Fax machines and fax technology should be scrapped – period. I know there are a number of companies that are still selling fax solutions in 2013, but they need to start planning an exit strategy and clear the deck of a technology superseded by numerous other options.



Once upon a time, fax was wonderful. You take a piece of paper, put it in a machine, it scanned and a copy magically appears at another machine over an ordinary analog phone line. In an era of typewriters and handwriting and phone lines, fax was cool, other than the need for special thermal paper on rolls.

By the 1990s, fax became annoying. You'd type up a document, print it out on the laser printer, sign it, then feed it into the fax machine. The weakest links at that time were the phone line and keeping track of all the fax paper generated. Nothing better than getting an hour of phone calls from a fax machine thinking your voice line is another fax machine, with the constant "beep....beep...beep" <disconnect> sequence.  

Fax cover sheets – how many trees died for fax cover sheets?

Computer manufacturers started merging fax with the printer and scanner combination to deliver the all-in-one, so you could fax directly to another machine without having to print out and even start to receive faxes as images, rather than having to print out faxes or end up sometimes losing them if the printer ran out of paper.  

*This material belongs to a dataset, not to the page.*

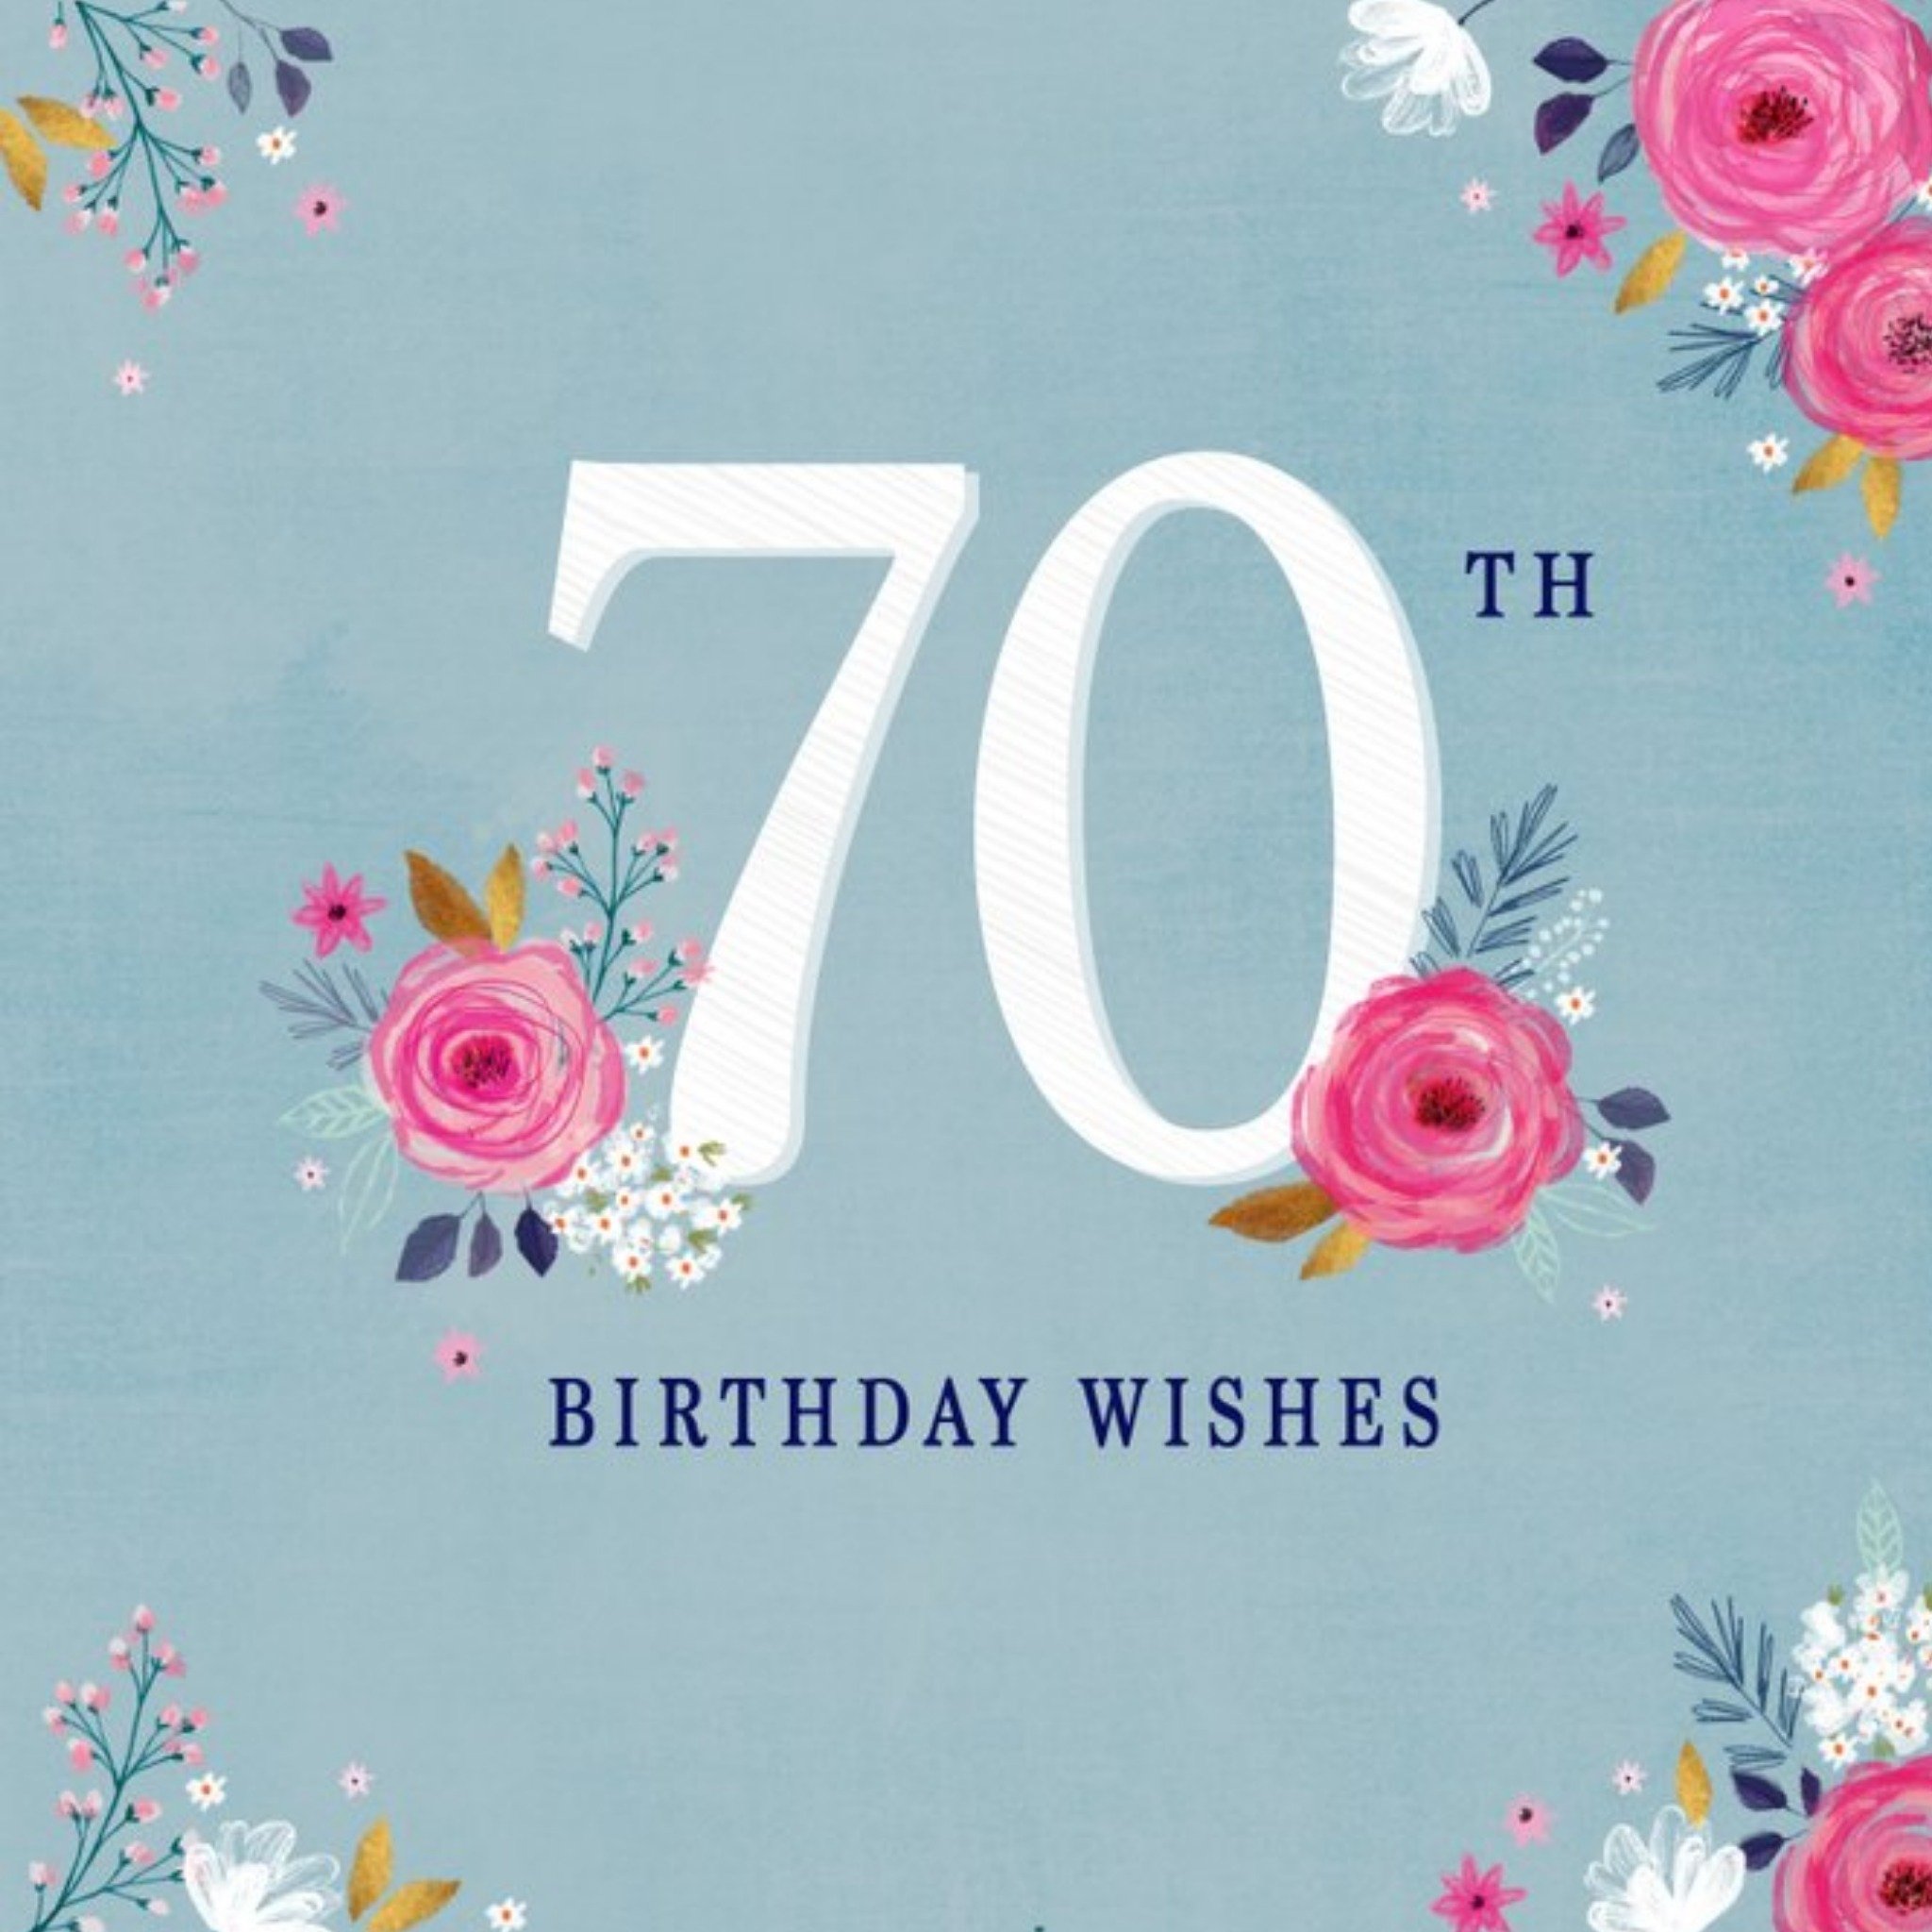 Moonpig Typographic Design Floral 70th Birthday Wishes Card, Large

Should we even talk about the misery of fax over IP, specifically emulating fax on a VoIP connection? There's a big Fax over IP working group over at the SIP Forum trying to establish standards for putting fax over SIP trunks and fixing T.38 and other stuff.

Guys…YOU ARE TRYING TO SOLVE THE WRONG PROBLEM. 

The solution is not to stick some more software fixes to keep an obsolete technology alive – electronic duct tape will only go so far – but to migrate enterprises from fax addiction to a standardized method of handing scanned images via e-mail. 

Fast forward to 2013 and we now have effectively have scanners built into our smartphones. Some banks now process checks – we're talking money moving from point A to point B – via an app. Take a picture of the check, the image appears on screen and goes to the bank to "clear" and you get next-day credit.

If financial institutions are willing to process checks via cell phones, why can't enterprise users get rid of fax machines and make a clean break to an e-mail/scanned image combination? This is the real discussion the Fortune 500 needs to have.

Imagine for a moment how much paper, toner, power and physical space businesses would get save by getting rid of the dedicated fax machine. Phone (News - Alert) companies might get annoyed at the loss of revenue on a dedicated analog line, but it also cleans out one less network headache as the world migrates to IP networks.

I'm not going to say that flushing fax is easy, but all of the basic technology bits are already available and off-the-shelf. Certainly, there need to be scanning/legibility standards, plus an acceptable "Caller ID"/digital signature for verticals with compliance issues (Financial, legal, medical). 

However, standards and solutions are available today.